Rangkuman tentang apa-apa yang boleh Digadaikan dan yang Tidak

Imam Syafi’i berkata: Harta gadai yang diserahterimakan dari penggadai dan penerima gadai yang sah, terbagi menjadi tiga kelompok; sah, memiliki cacat, dan rusak.
Harta gadai yang sah adalah semua harta gadai yang dimiliki penuh oleh penggadai, dan harta gadai itu tidak memikul tanggungan atas suatu kejahatan dimana korban kejahatan lebih terhak terhadapnya daripada pemiliknya hingga hak korban itu dipenuhi.

Harta gadai itu tidak pula terkait dengan hak orang lain, seperti sedang digadaikan, disewa, dijual, atau budak yang terikat perjanjian untuk membebaskan dirinya (mukatab), atau budak yang dijanjikan akan dibebaskan sepeninggal majikan (mudabbar), atau budak yang telah melahirkan anak majikan (ummul walad), dan tidak pula terdapat padanya hak orang lain dimana ia lebih berhak daripada majikan daripada budak hingga berakhir pada masa tertentu.
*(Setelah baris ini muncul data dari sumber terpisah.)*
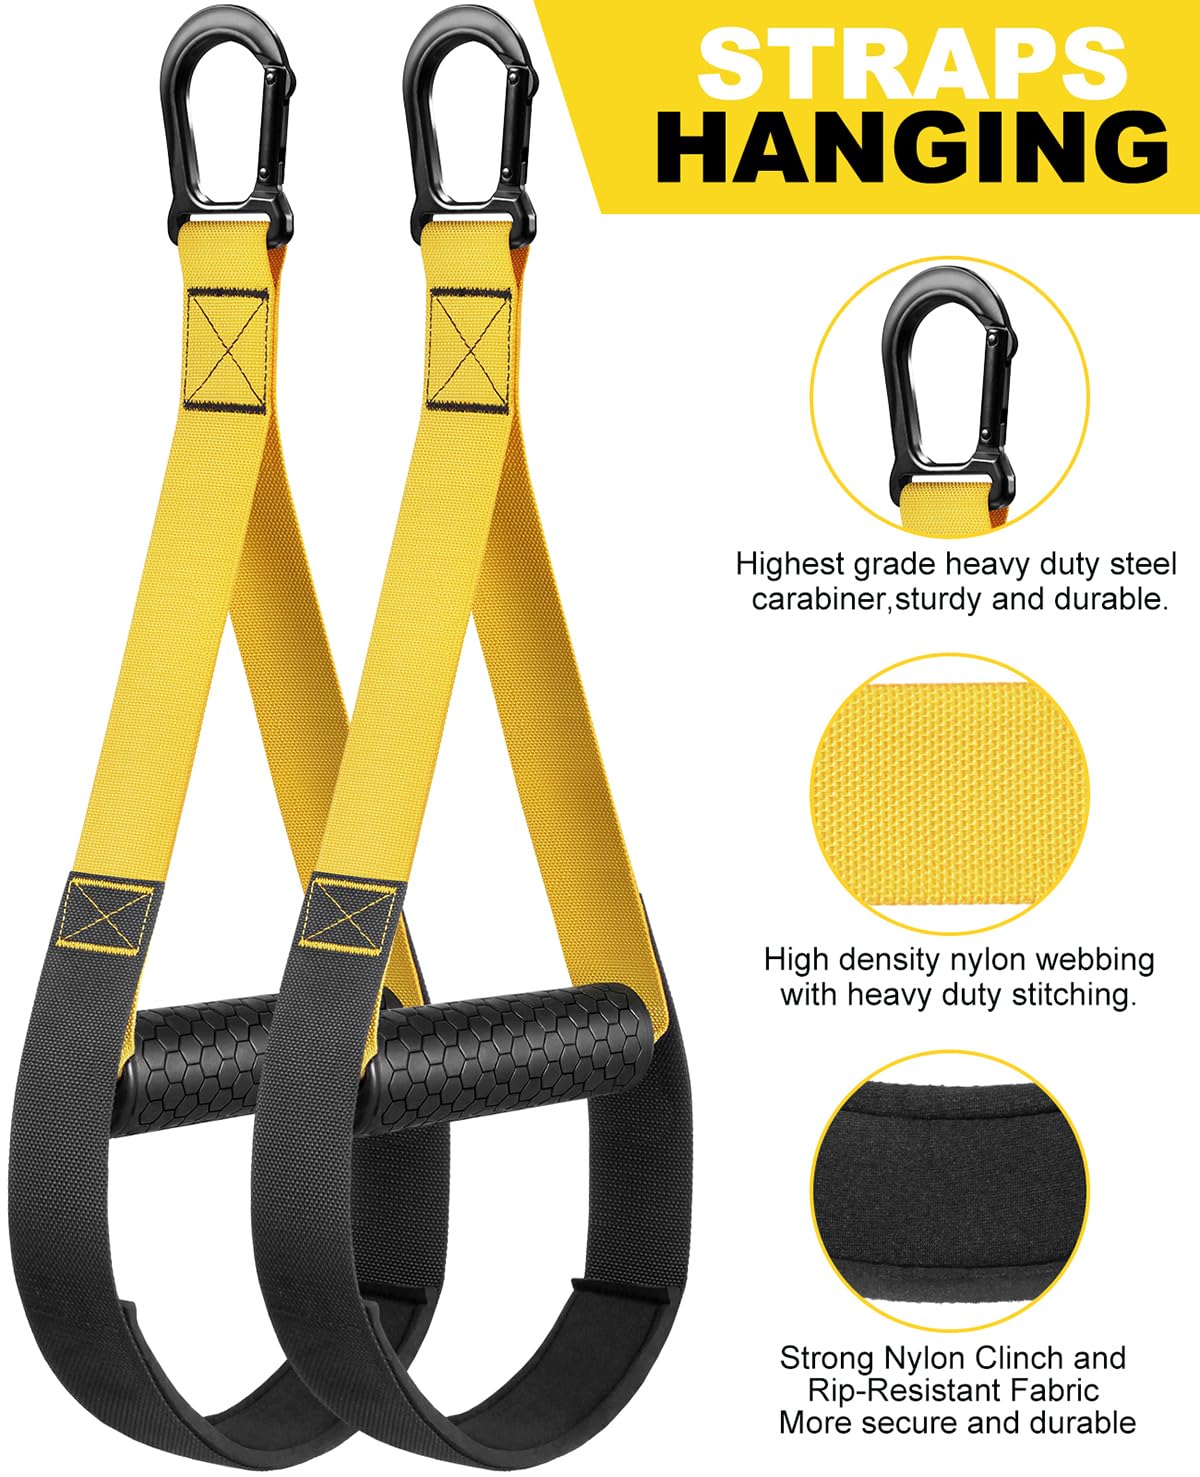 Home Resistance Training Kit, Resistance Trainer Exercise Straps with  Handles, Door Anchor and Carrying Bag for Home Gym, Bodyweight Resistance

Jika seseorang menggadaikan harta miliknya yang memenuhi syarat- syarat di atas, lalu penerima gadai telah menerimanya, maka inilah gadai yang sah, yang tidak ada cacat padanya.

Harta gadai yang cacat adalah seperti seseorang yang memiliki budak (laki-laki atau perempuan) atau rumah, lalu si budak melakukan suatu kejahatan terhadap seseorang, baik sengaja atau tidak, atau keduanya melakukan kejahatan terhadap harta manusia, lalu korban atau walinya belum mendapatkan kompensasi atas kejahatan itu hingga si budak digadaikan oleh majikannya dan diterima oleh si penerima gadai. Jika kejahatan terbukti sebelum terjadi transaksi gadai, atau penggadai dan penerima gadai mengakuinya, maka gadai dapat dibatalkan.

Apabila seseorang menggadaikan budak (laki-laki atau perempuan) lalu diterima oleh penggadai, kemudian penggadai mengakui bahwa si budak telah melakukan kejahatan sebelum digadaikan, dan penerima gadai mengklaim tidak mengetahuinya, maka dalam masalah ini ada duapendapat; salah satunya bahwa yang menjadi pedoman adalah perkataan penggadai, karena ia mengakui adanya tanggungan pada diri si budak. Namun penggadai tidak terbebas dari tanggung jawab utang atas penerima gadai. Ada pula yang mengatakan bahwa penerima gadai disuruh bersumpah bahwa ia tidak mengetahui kejahatan si budak sebelum terjadi transaksi gadai.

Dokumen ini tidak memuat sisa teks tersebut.